• [Exercise]: Give back, unaltered, the lines from the one with "nike air max full zip hoodie grey" to the end of the material, omitting pictures.

• [Recorded data]:
Content starts

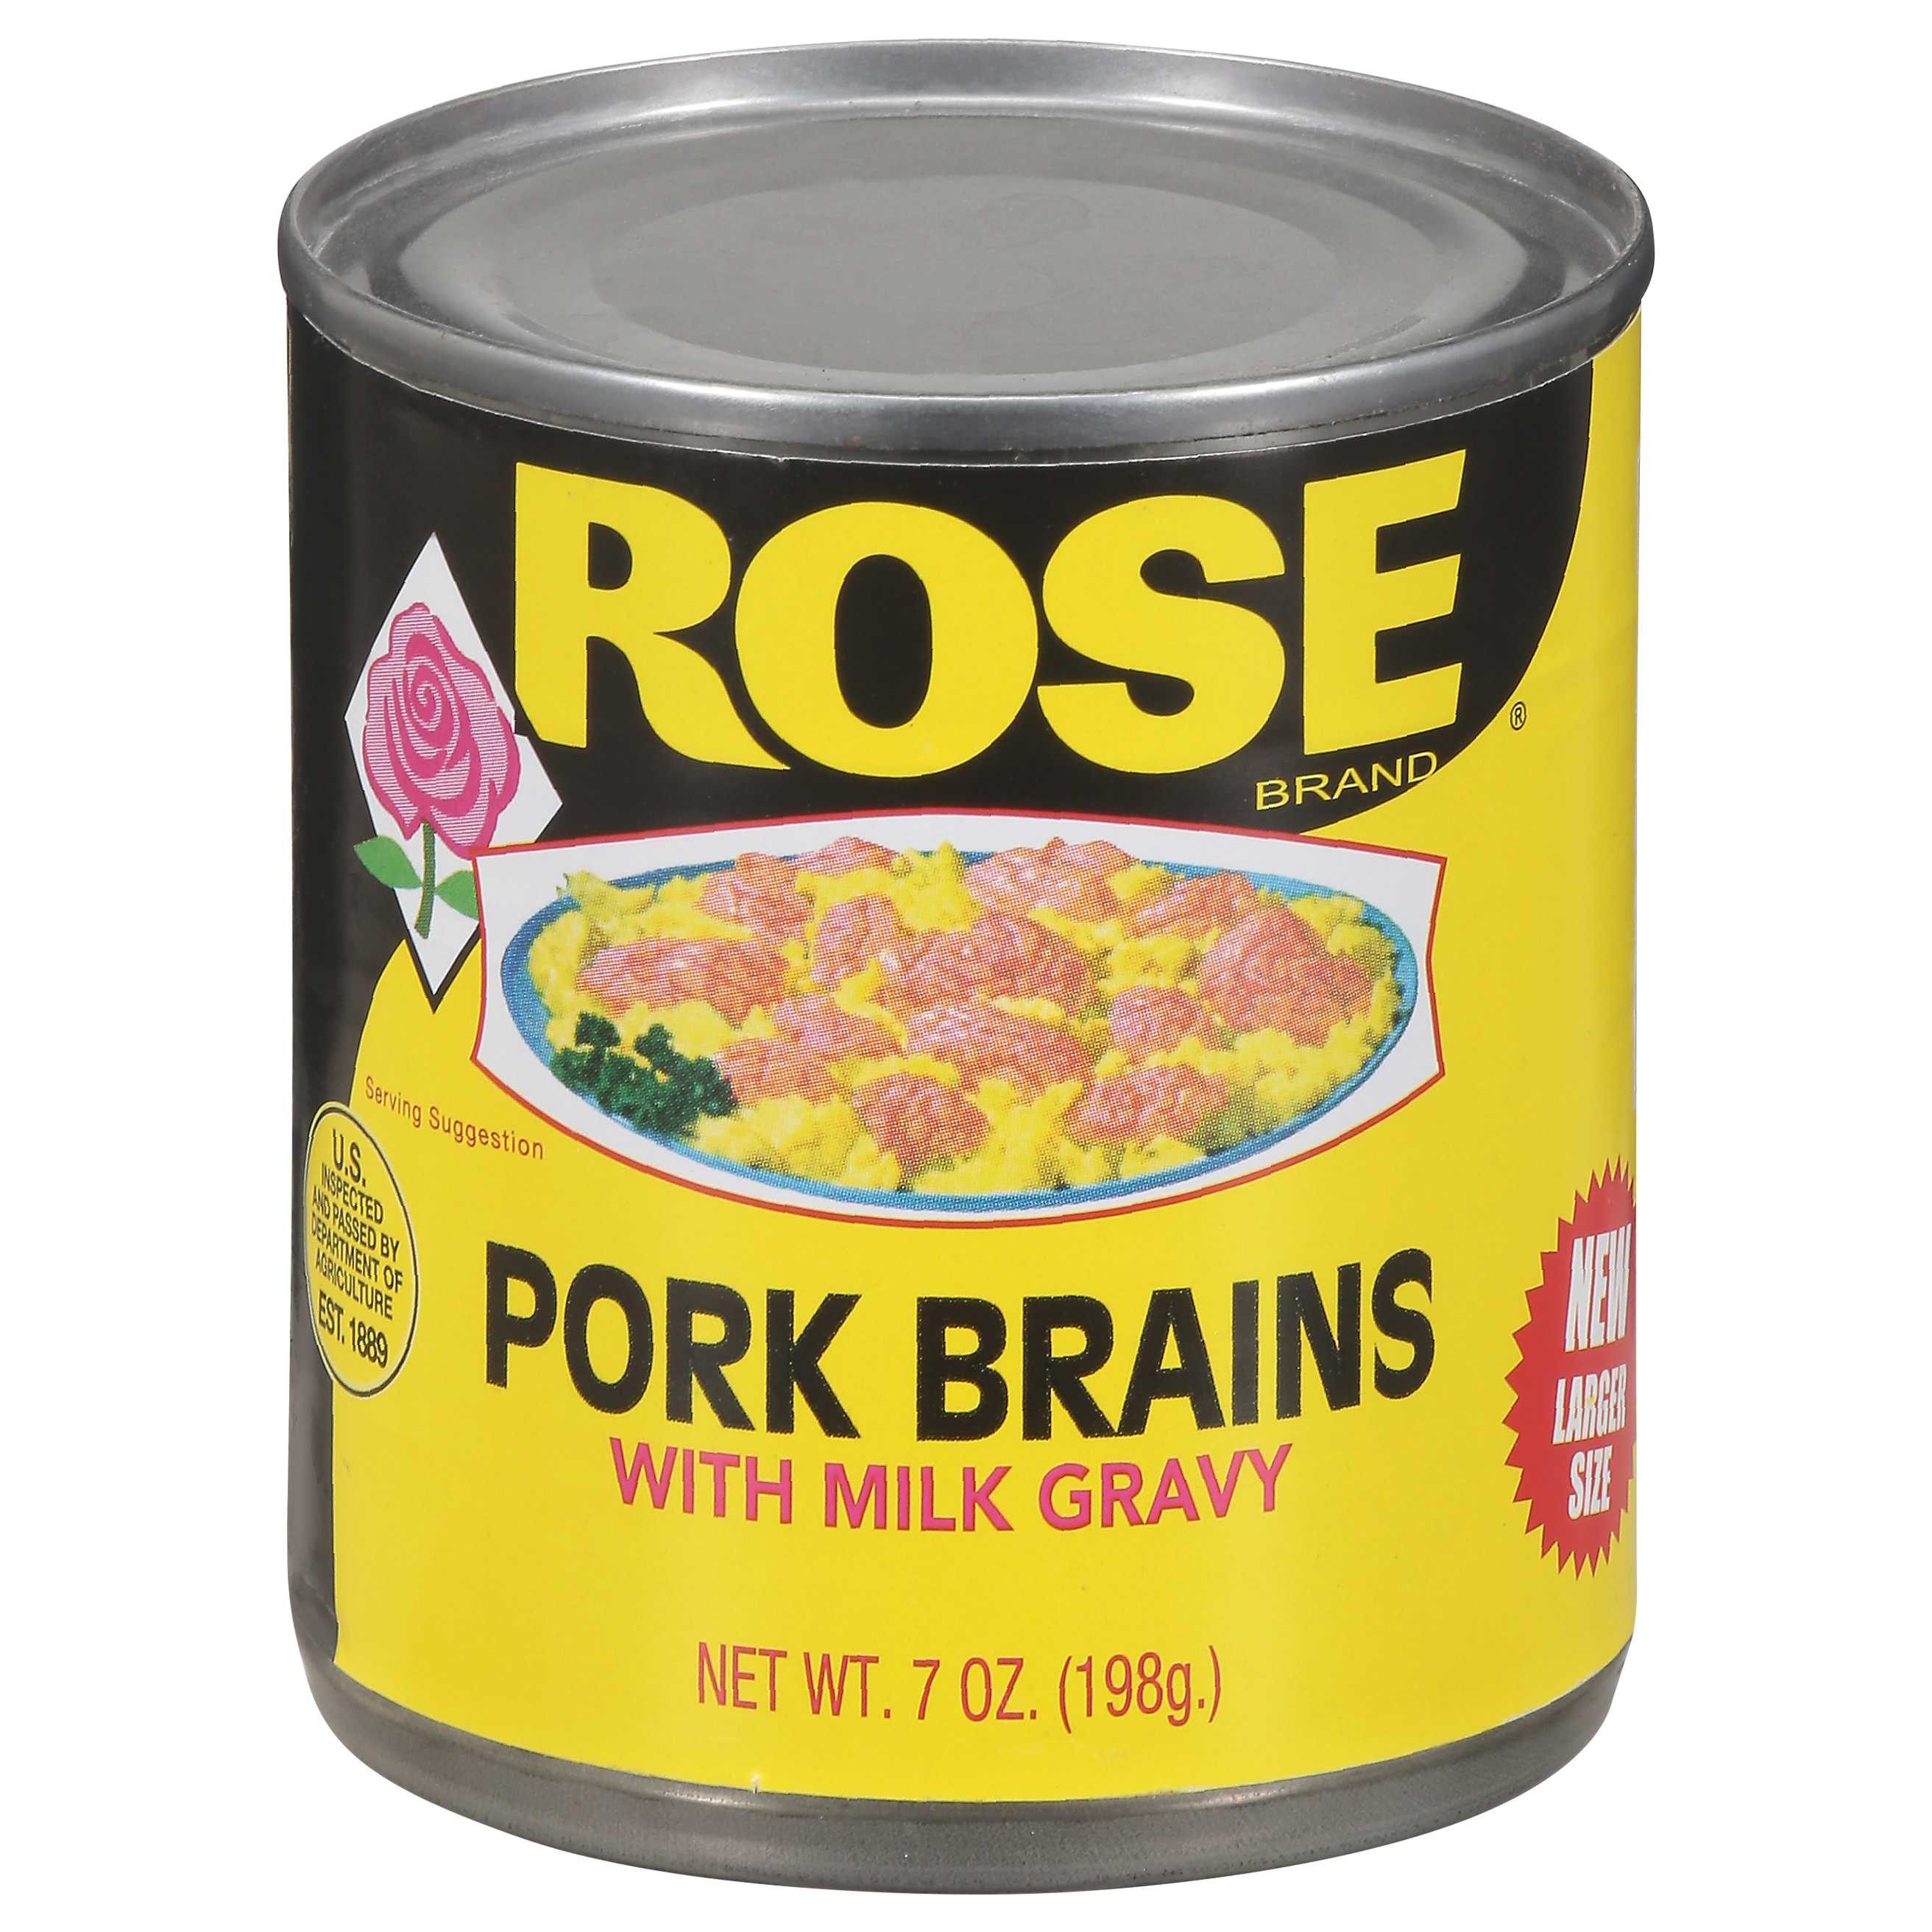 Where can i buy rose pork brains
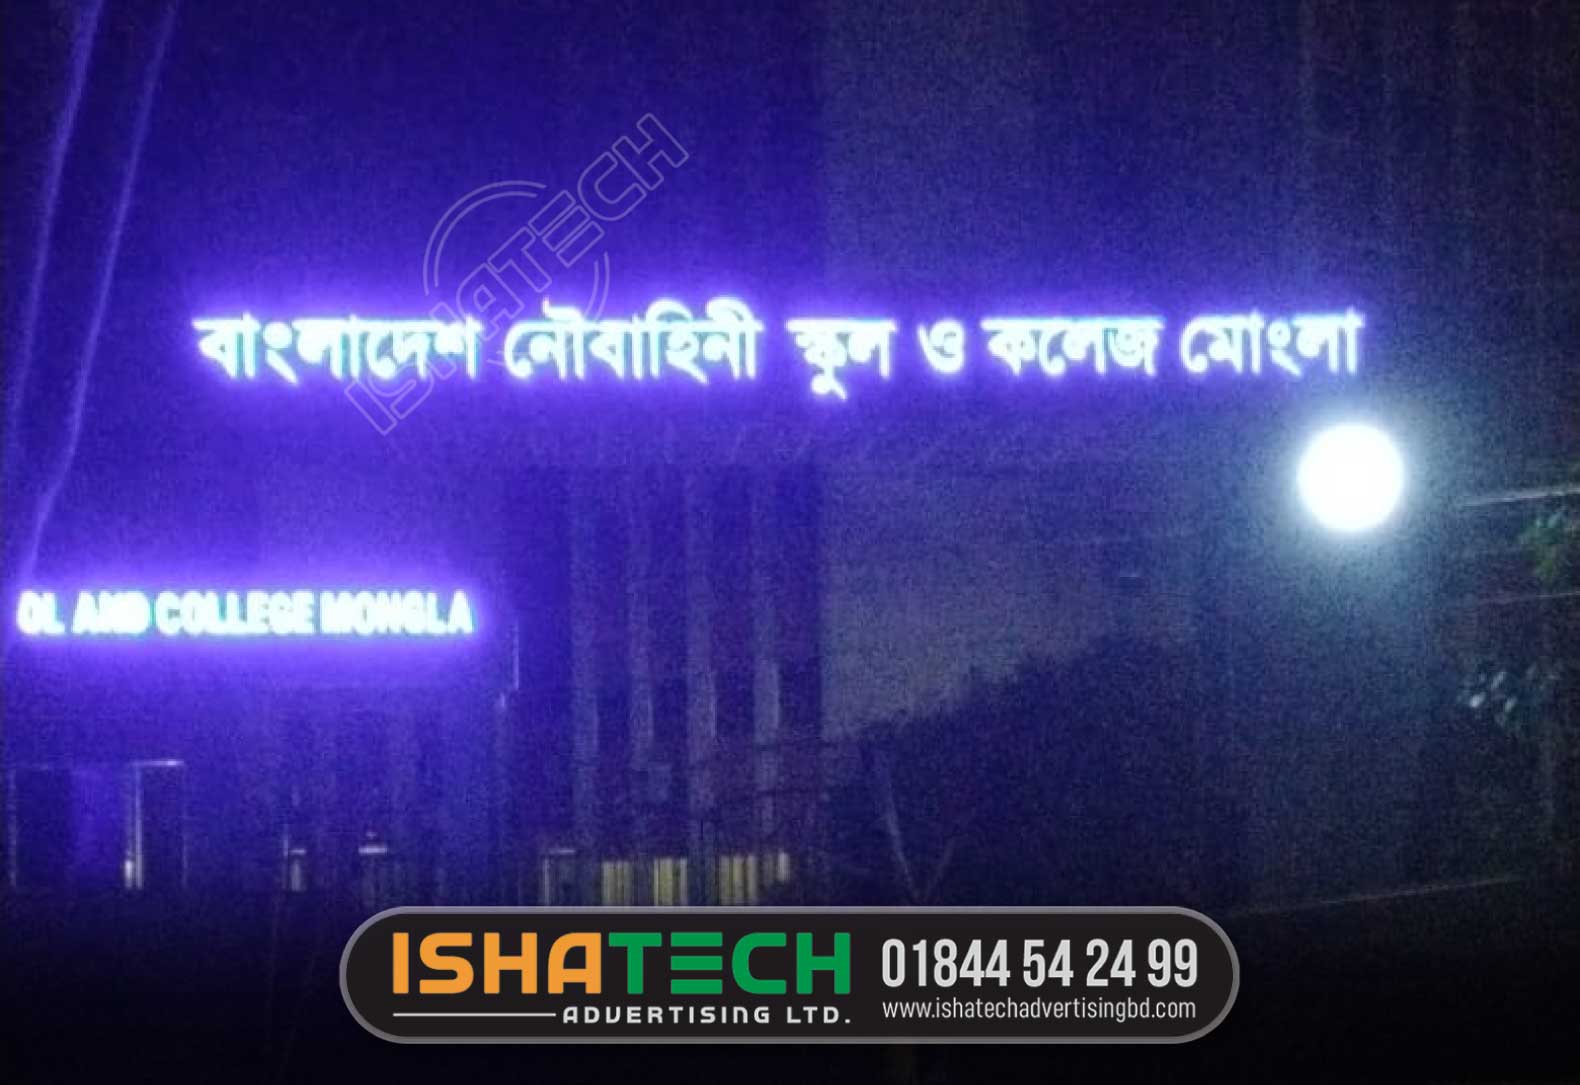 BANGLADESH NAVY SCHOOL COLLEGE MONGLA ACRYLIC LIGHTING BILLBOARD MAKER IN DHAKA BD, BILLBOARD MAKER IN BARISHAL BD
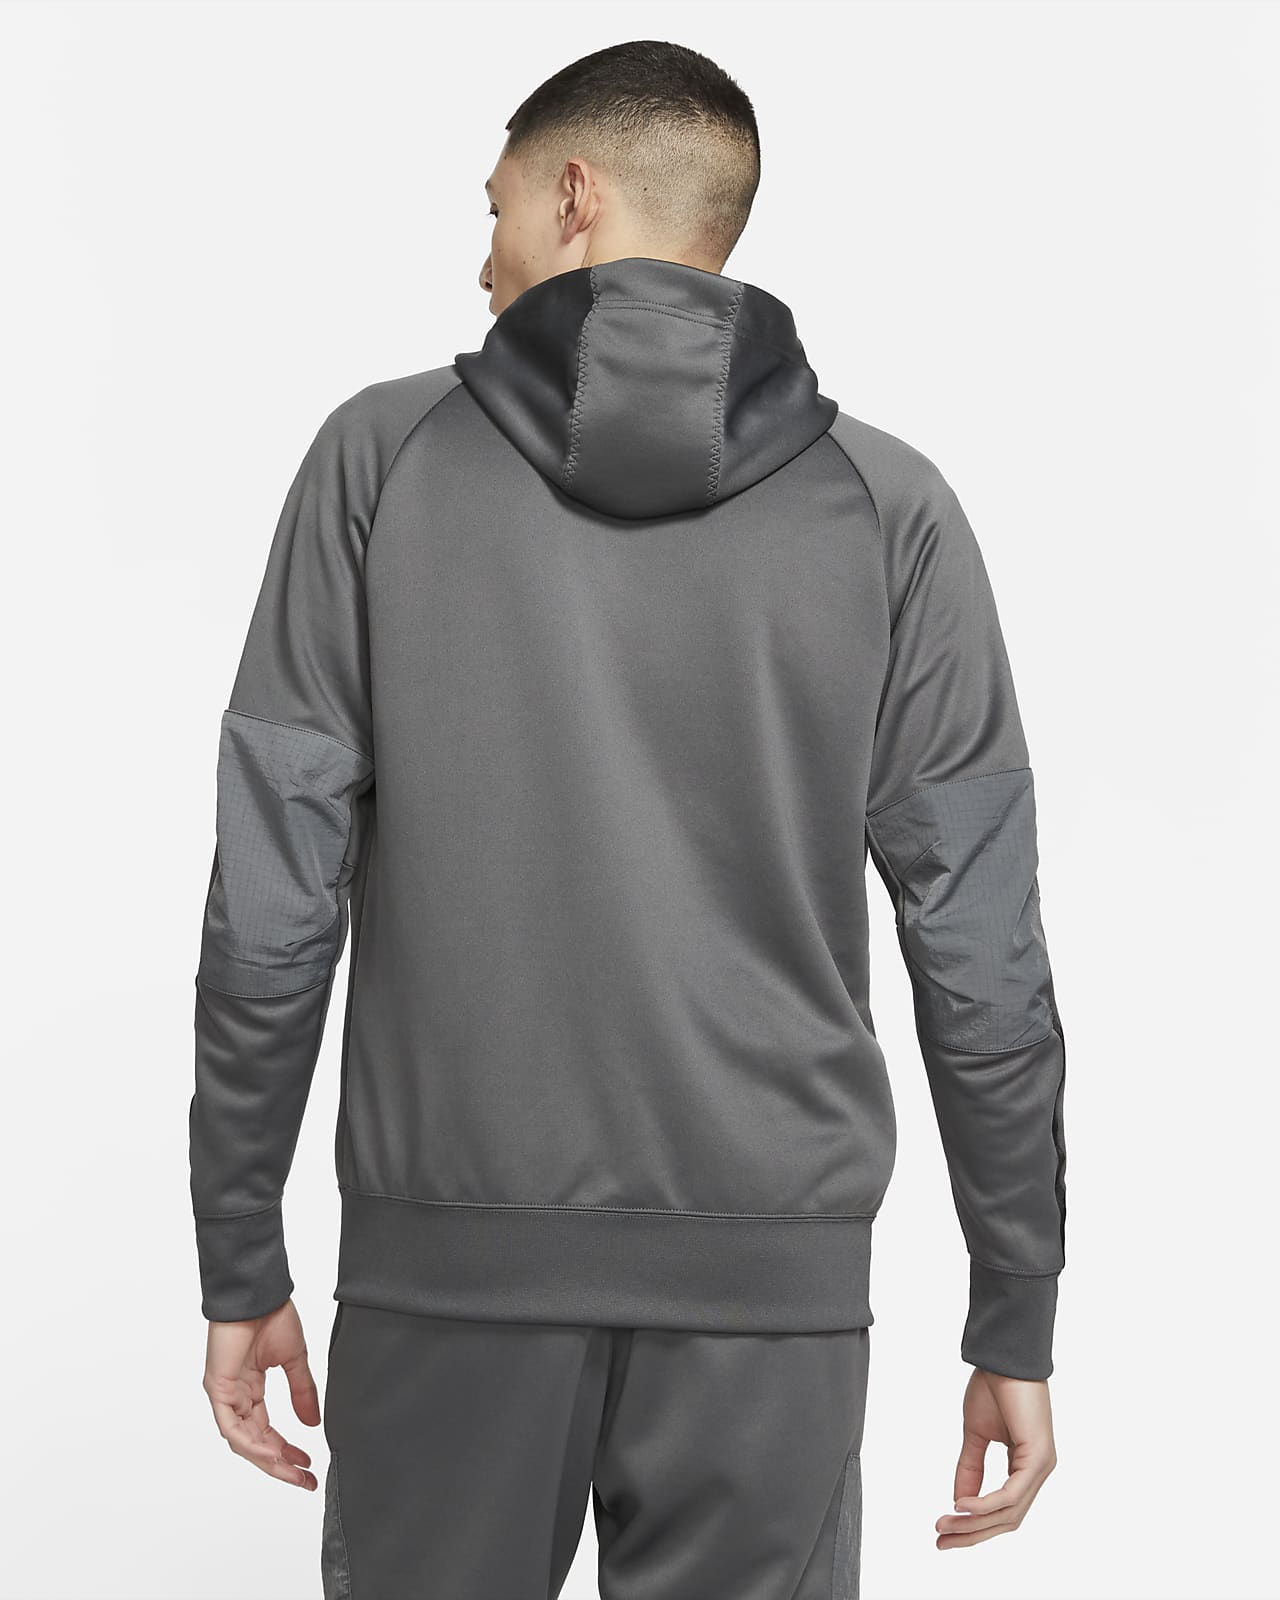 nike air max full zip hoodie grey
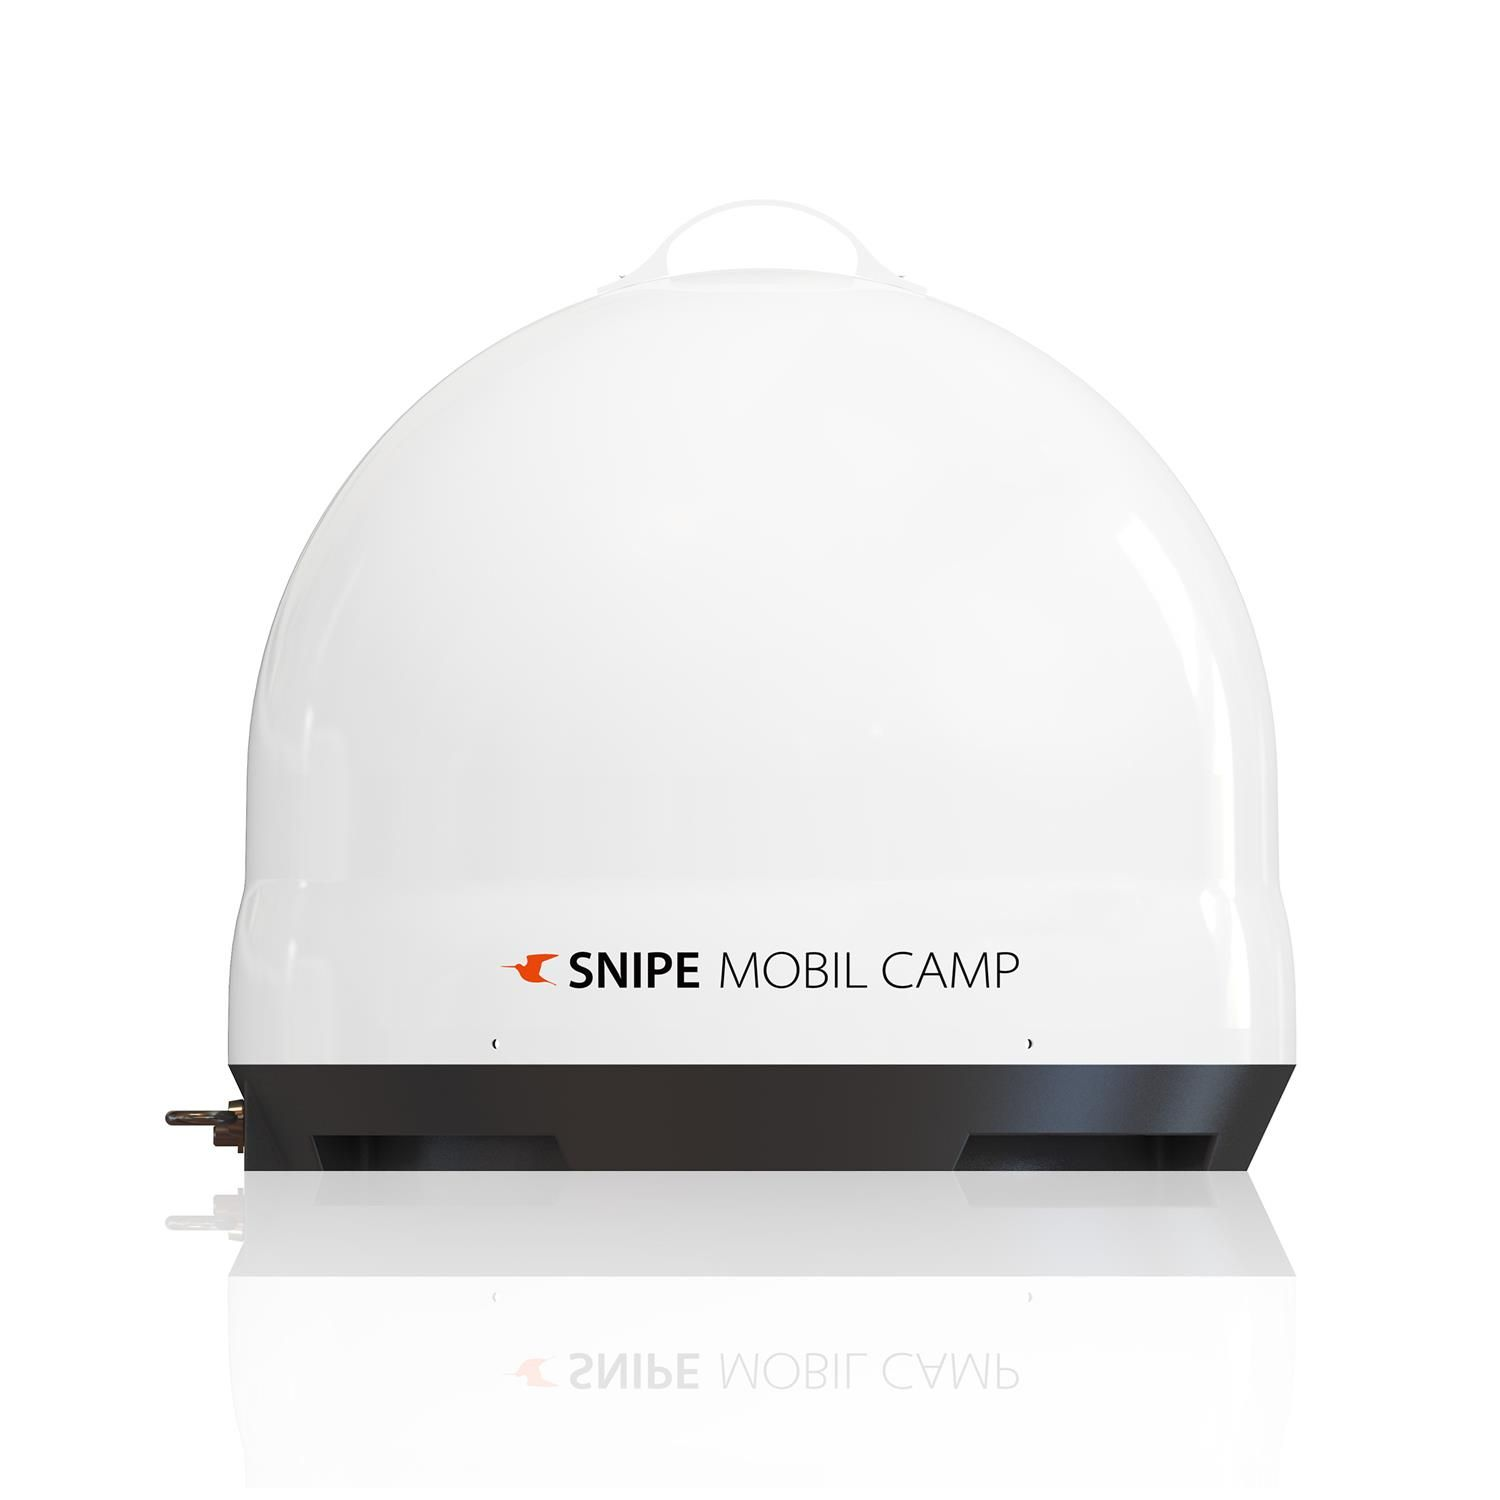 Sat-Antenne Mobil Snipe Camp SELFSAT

Content ends

• [Solution for this exercise]:
 nike air max full zip hoodie grey
 Sat-Antenne Mobil Snipe Camp SELFSAT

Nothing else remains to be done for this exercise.